The Truth About "Advanced" Dance
Watch any professional contemporary company rehearse, and you won't see them obsessing over perfect extensions or flashy tricks. You'll see them sweating over the in-between moments — the weight of a fall, the breath before a lift, the stillness that makes movement matter. That's where advanced contemporary lives.
Stop Dancing "Correctly"
Here's something most dancers don't want to hear: technical perfection can actually work against you. Contemporary dance grew out of rebellion — against ballet's rigidity, against the idea that there's one "right" way to move. The dancers who stand out aren't the ones with the highest extensions.
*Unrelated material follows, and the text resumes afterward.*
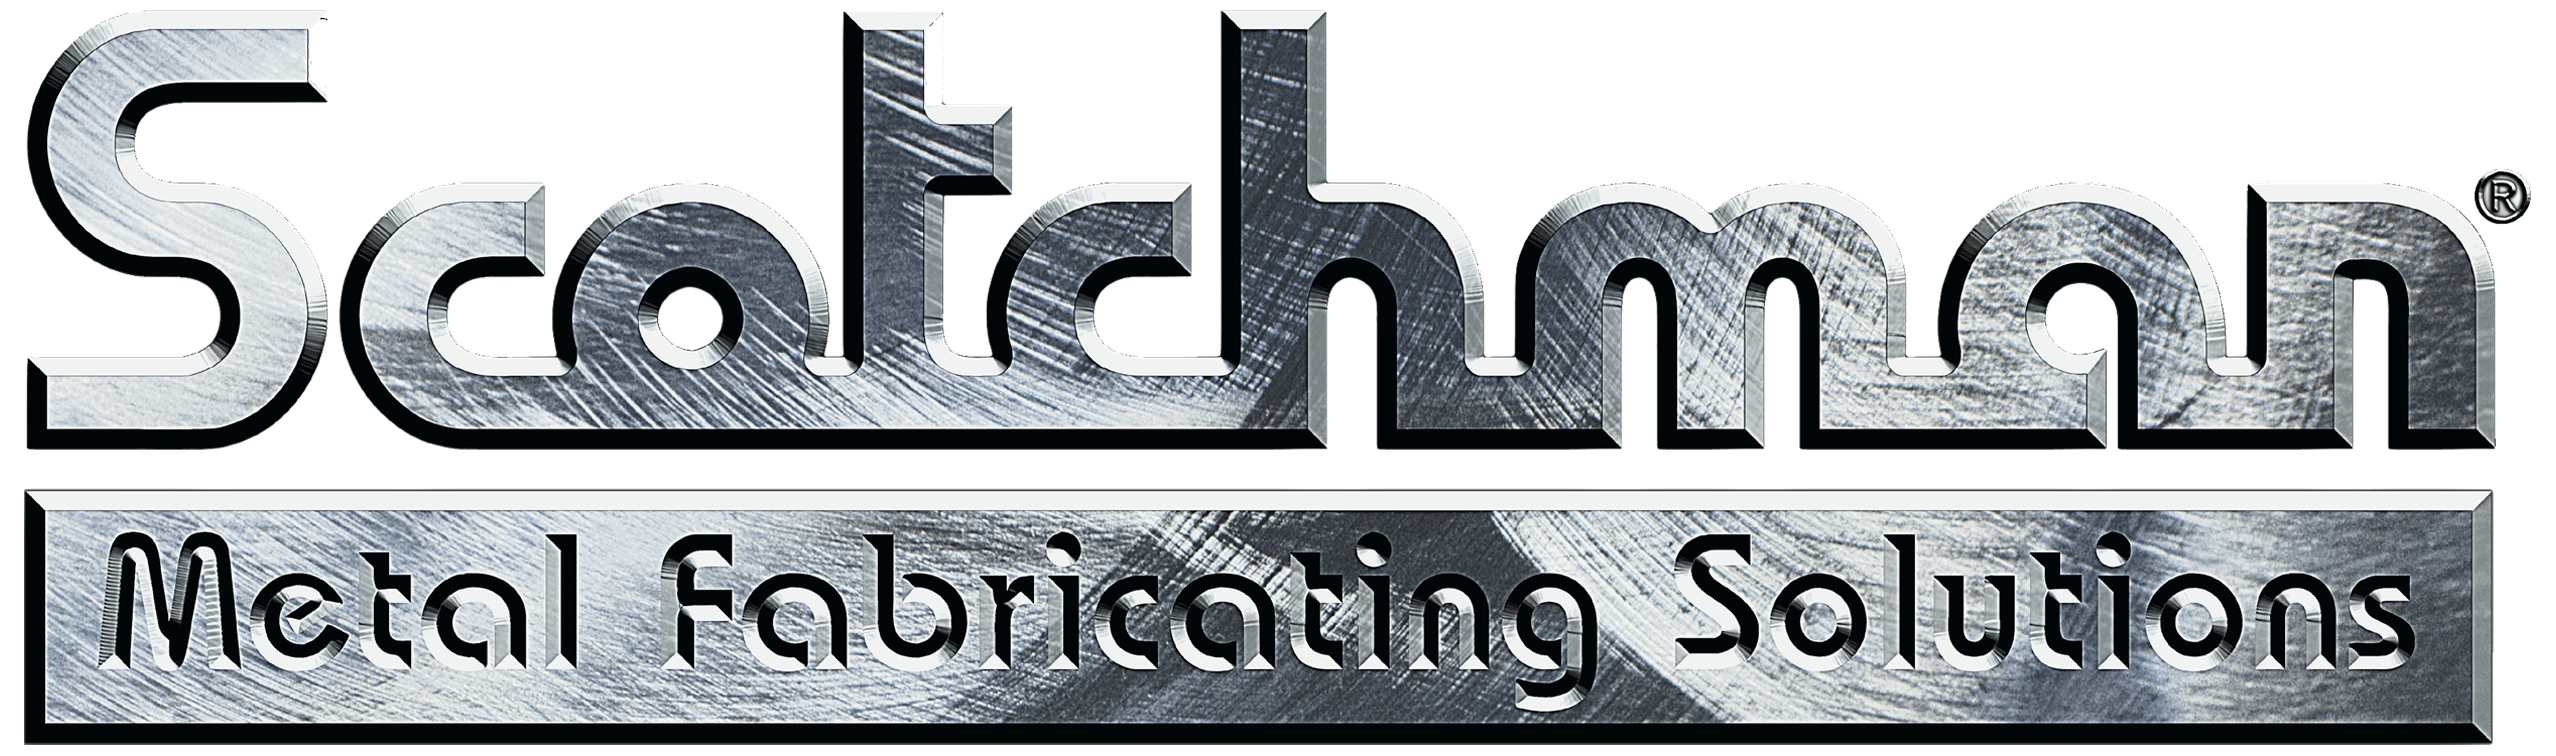 Scotchman-Industries-logo-1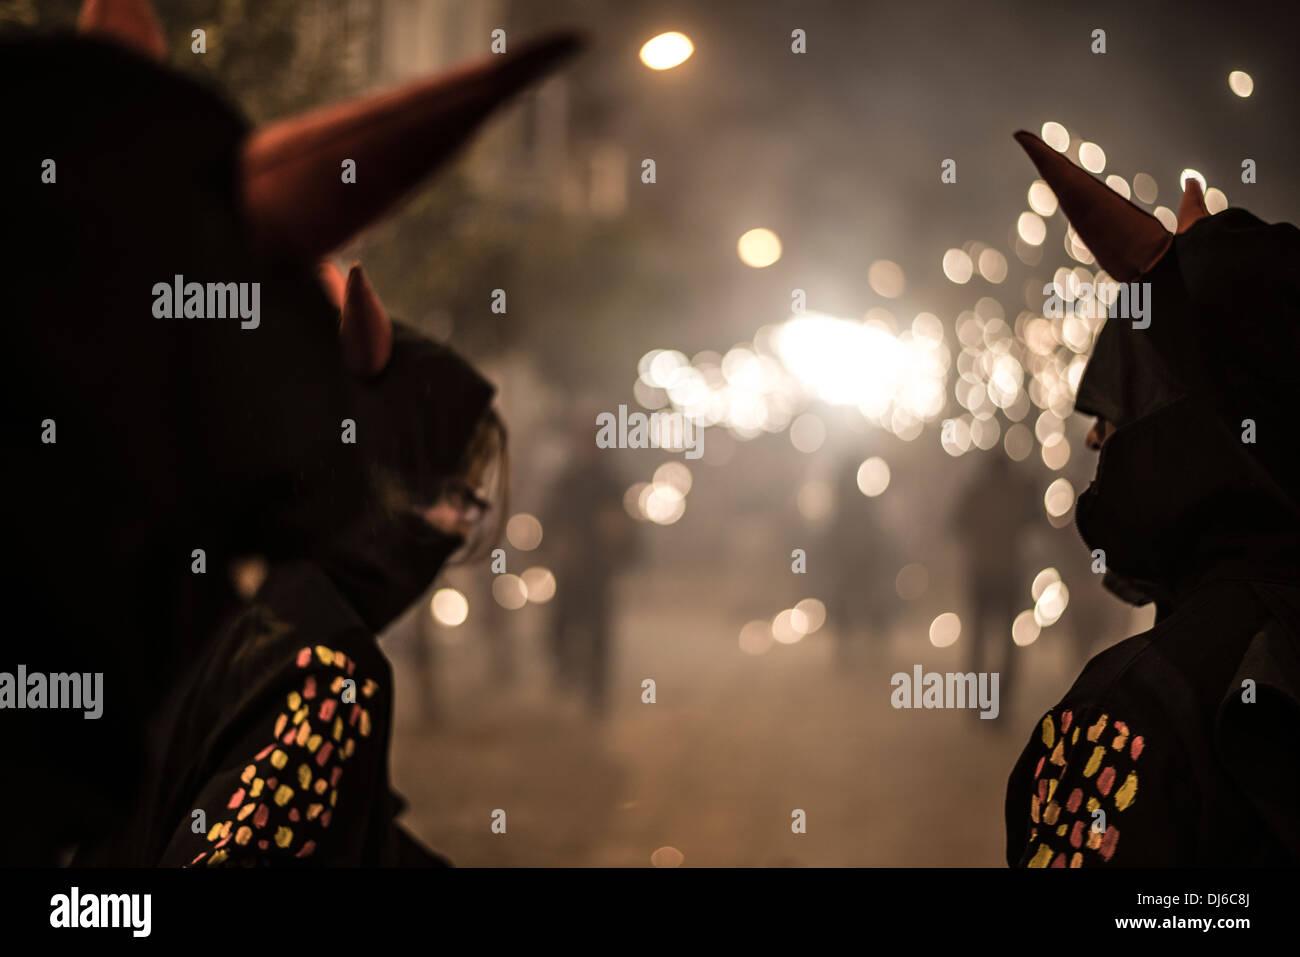 Europe, Spain., Barcelona, Poblenou, runfire, fireworks, explosive, party, popular festival, night, pyrotechnics,flare,sparkler - Stock Image

They're the ones willing to be ugly, awkward, even uncomfortable on stage.
Try this in your next improvisation: deliberately break a habit. If you always move fluidly, make yourself jerky. If you love big movements, stay small. The discomfort you feel? That's growth.
Get On the Floor (Really On It)
Floorwork separates the dabblers from the serious dancers. But I'm not talking about a graceful knee slide here and there. Contemporary demands you understand your relationship with gravity — how to surrender to it, fight it, make peace with it.
Spend a whole practice session just falling. Not choreographed falls — actual falls where you don't know where you'll end up. Learn which parts of your body can safely take weight. Your forearms, the backs of your shoulders, your hip bones. The floor becomes a partner, not a surface.
Emotional Range Isn't Just "Sad or Happy"
Too many contemporary pieces default to angst — furrowed brows and dramatic reaches. But emotional expression in dance should be as nuanced as it is in life. What does "anticipation" look like in your body? Nervousness? Relief? The moment after you laugh?
Create a playlist of songs that each trigger a different emotional response, then improvise without thinking about what "looks good." Record yourself. You might be surprised which moments feel most authentic.
Musicality Means Breaking Rules
Anyone can count to eight. Advanced dancers hear music differently — they find the hidden threads. The breath between phrases. The instrument no one else noticed. The silence.
Practice dancing to a song you know well, but ignore the obvious beat. Move only during the pauses. Or choose one instrument and follow only its line. Some of the most powerful contemporary moments happen in stillness, or in deliberate off-beat accents that create tension.
Your Body Has Opinions
Cross-training isn't optional anymore. The demands of contemporary choreography — inversions, floorwork, partner lifts, sustained balances — require a body that's strong in weird, useful ways. Pilates teaches you where your center actually is. Yoga reveals your asymmetries. Weight training builds the kind of functional strength that makes lifts feel effortless.
But here's the thing: cross-training also prevents the injuries that sideline dancers for months. A proactive approach to your body's needs isn't self-care. It's career survival.
Find Your People
The loneliest dancers are often the most stuck. Contemporary dance thrives on collaboration — ideas bouncing between bodies, unexpected influences creeping in from workshops and side projects. Take a class in a style you're "bad" at. Follow choreographers whose work confuses you. The more you expose yourself to approaches that feel foreign, the more you'll discover what makes your own perspective unique.
Make Peace With Never Arriving
Here's the secret no one tells you: there's no finish line. The dancers you admire aren't "done" learning. They're still figuring out their weight, still discovering new textures, still getting frustrated with their limitations. That's not a bug — it's the whole point.
Advanced contemporary isn't a level you reach. It's a relationship you keep deepening with movement, with music, with your own strange, wonderful body. The dancers who keep growing are the ones who stay curious, stay humble, and never stop asking "what if?"
Your next breakthrough won't come from reading articles. It'll come from the studio, in the moments you least expect it.